Apresentação do Senhor: a festa do encontro, da luz e da esperança
02 de fevereiro
Celebrada no dia 2 de fevereiro, quarenta dias após o Natal, a Festa da Apresentação do Senhor ocupa um lugar singular no calendário litúrgico. Ela une dois grandes mistérios: a manifestação de Cristo como luz para todos os povos e o seu ingresso no Templo, sinal de que Deus entra definitivamente na história humana.
Desde o século IV, esta festa já era celebrada em Jerusalém com o nome de Hypapántè, palavra grega que significa “encontro”. Com o tempo, espalhou-se pelo Oriente e pelo Ocidente, chegando a Roma no século VII. A partir do século X, consolidou-se o costume da bênção das velas, razão pela qual a celebração também é conhecida como Candelária.
O Filho apresentado ao Pai… e aos homens
O Evangelho de Lucas narra que José e Maria levam o Menino Jesus ao Templo para cumprir a Lei de Moisés, que prescrevia a consagração do primogénito ao Senhor e o rito de purificação da mãe.
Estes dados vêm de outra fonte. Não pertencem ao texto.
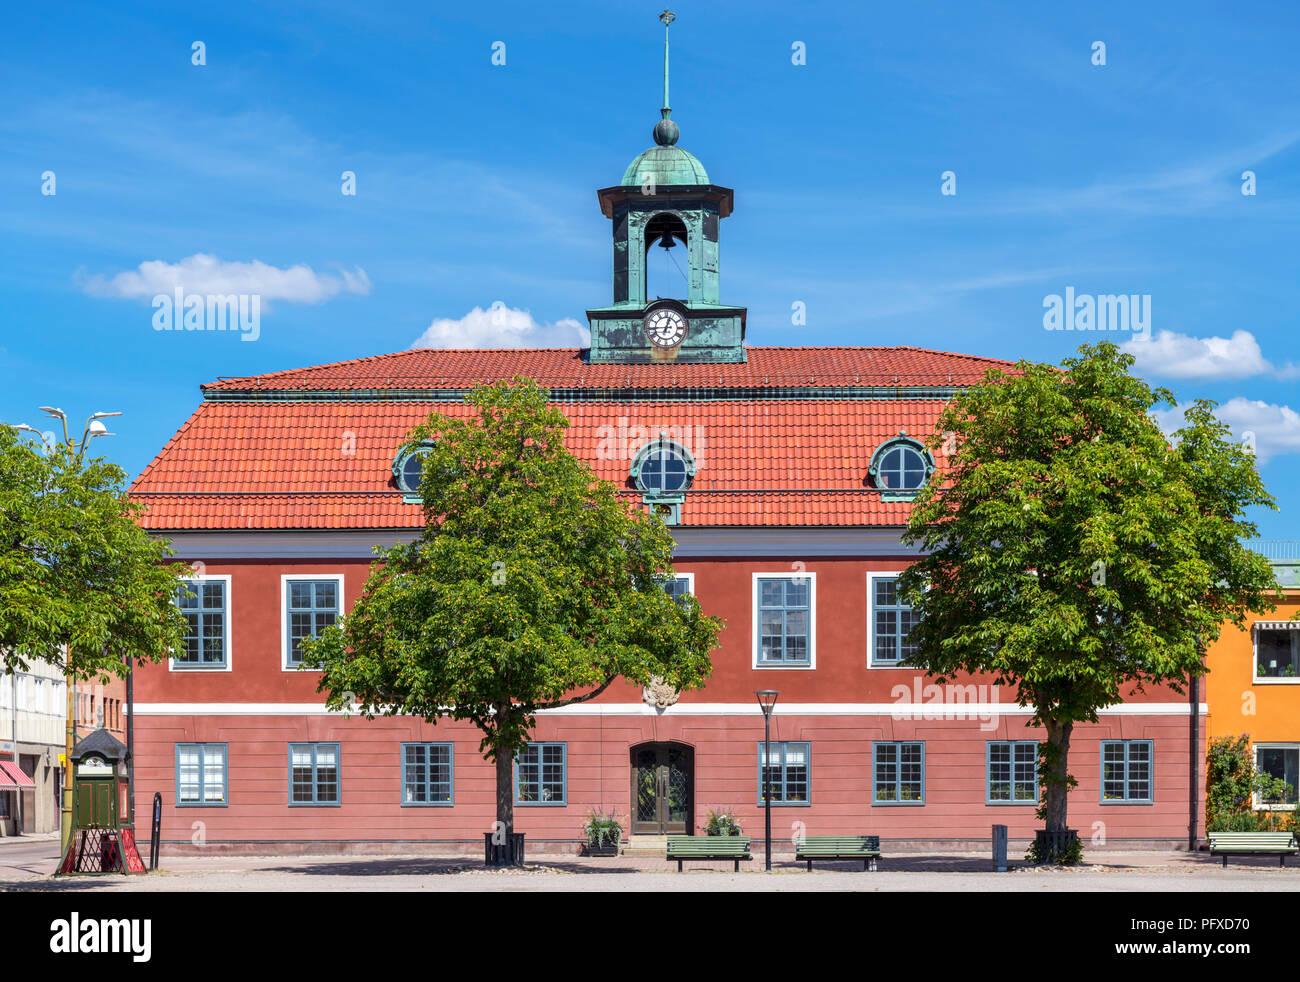 Rathaus auf dem Hauptplatz (Stora Torget), Sala, Västmanland, Schweden Stockbild

No entanto, este gesto vai muito além de uma simples observância legal.
Na Apresentação do Senhor, não são apenas os pais que oferecem o Filho a Deus: é o próprio Deus que apresenta o seu Filho à humanidade. Isso acontece pela voz profética de Simeão e Ana, figuras que representam o Israel fiel, vigilante e esperançoso.
Simeão, movido pelo Espírito Santo, reconhece no Menino a salvação preparada para todos os povos, proclamando-O como luz para iluminar as nações e glória de Israel. Ao mesmo tempo, anuncia que essa luz será sinal de contradição, revelando os pensamentos dos corações. A profecia da espada dirigida a Maria recorda que a missão de Cristo passa pelo sofrimento e pela entrega total, que culminarão na cruz.
Cristo, luz que purifica e salva
A liturgia desta festa dialoga profundamente com a primeira leitura do profeta Malaquias, que anuncia a entrada do Senhor no seu Templo como fogo do fundidor, capaz de purificar e refinar. Cristo não entra no Templo apenas para cumprir a Lei, mas para transformar o culto, inaugurando a nova Aliança com a oferta da sua própria vida.
A Carta aos Hebreus aprofunda este mistério ao afirmar que o Filho de Deus assumiu a nossa carne e o nosso sangue para nos libertar do poder da morte. Tornando-se semelhante a nós em tudo, exceto no pecado, Cristo revela-se Sumo Sacerdote misericordioso e fiel, capaz de socorrer todos os que são provados.
Assim, a Apresentação do Senhor já aponta para o mistério pascal: o Menino oferecido no Templo é o mesmo Cristo que se oferecerá plenamente na cruz, para a redenção do mundo.
A Igreja, lugar do encontro
O encontro de Jesus com Simeão e Ana no Templo é também imagem daquilo que continua a acontecer hoje na Igreja. É nela que os homens e mulheres de todos os tempos encontram o Senhor, escutam a sua Palavra e O acolhem na Eucaristia.
A procissão com velas, característica desta celebração, exprime visivelmente esta realidade: o povo de Deus caminha ao encontro de Cristo, luz que guia, aquece e ilumina. A vela acesa recorda que a fé não é apenas algo interior ou privado, mas uma luz destinada a brilhar na vida quotidiana, nas relações, nas escolhas e no testemunho cristão.
Uma luz para ser partilhada
Celebrar a Candelária é renovar o compromisso de levar a luz de Cristo ao mundo. A fé não nos foi dada apenas para iluminar o nosso caminho pessoal, mas para se tornar luz para os outros: na bondade concreta, na paciência, no apoio aos mais frágeis, na esperança que não se apaga.
Enquanto aguardamos o encontro definitivo com o Senhor, somos chamados a viver cada Eucaristia como um verdadeiro hypapántè: um encontro real com Cristo que nos prepara para o dia em que Ele próprio nos apresentará ao Pai, na plenitude da vida.
“Eu sou a luz do mundo. Quem Me segue não andará nas trevas, mas terá a luz da vida” (Jo 8,12).